Denominazione di origine controllata e garantita is intended to be a superior classification to DOC, and is the highest classification in Italy. All DOCG wines from each producer are analysed and tasted by a government-licensed judgement panel before being bottled. Once approved, the wines are "guaranteed" with a numbered governmental seal across the cap or cork, to prevent later manipulation. Where the DOCG classification represents a refinement of an existing DOC wine, the rules for the DOCG wine usually require more stringent quality controls. These controls are usually some combination of a lower proportion of blending grapes, lower yields, higher minimum alcohol, longer ageing requirements, and so on.

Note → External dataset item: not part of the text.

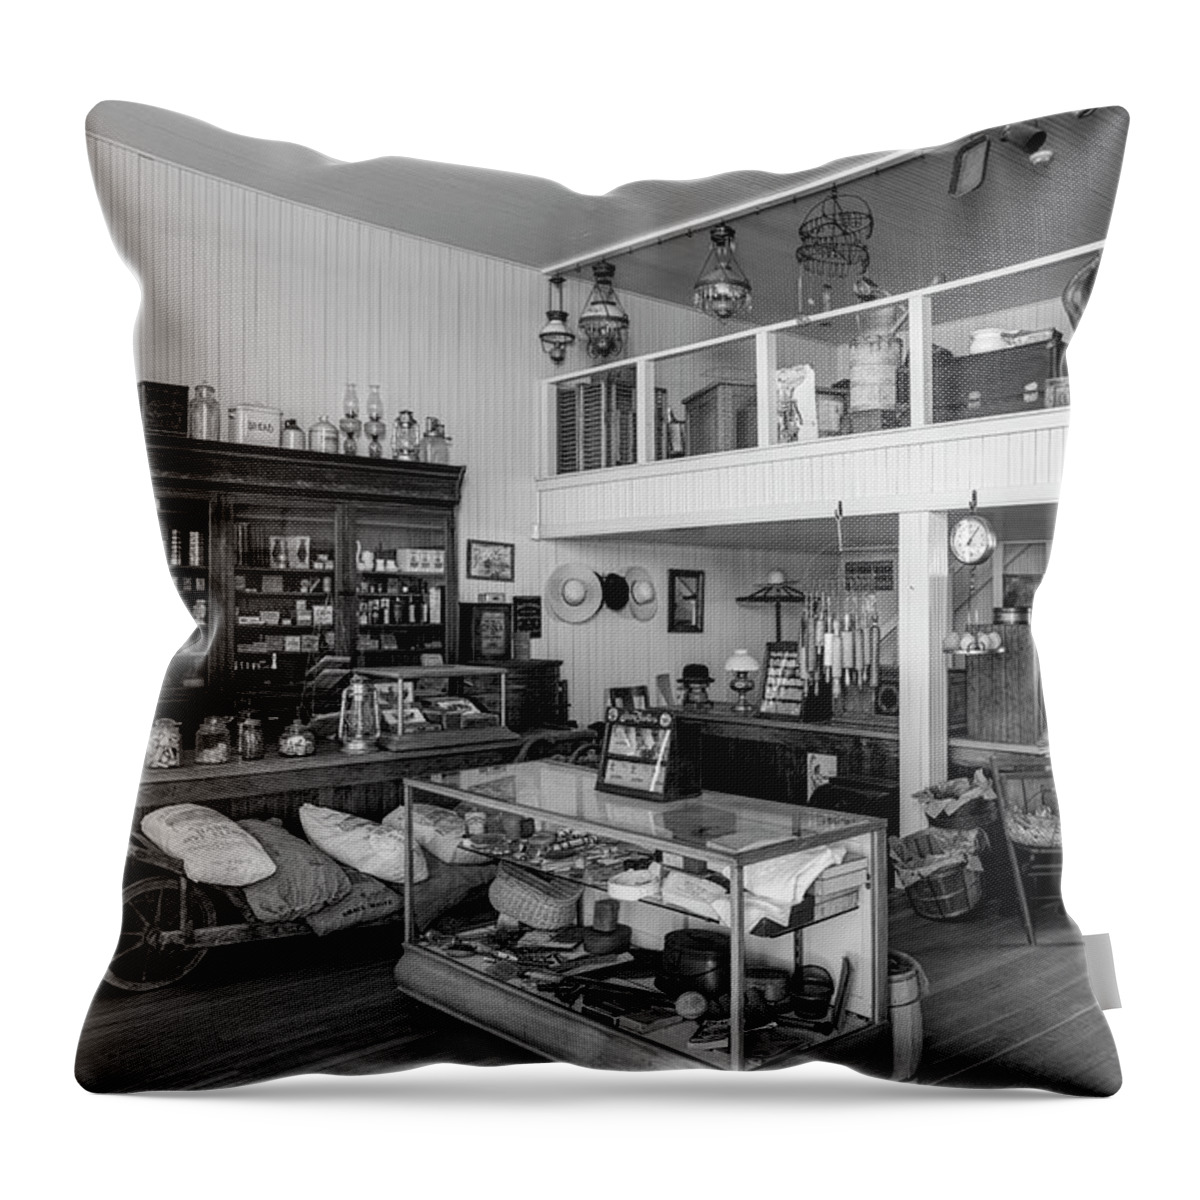 Allensworth Park Throw Pillow featuring the photograph Hindsman General Store - Allensworth State Park - Black And White by Gene Parks

The need for a DOCG identification arose when the DOC designation was, in the view of many Italian food industries, given too liberally to different products. A new, more restrictive identification was then created as similar as possible to the previous one so that buyers could still recognize it, but qualitatively different. The three original DOCGs were Brunello di Montalcino, Vino Nobile di Montepulciano, and Barolo, all approved by a presidential decree in July 1980, followed by Barbaresco three months later.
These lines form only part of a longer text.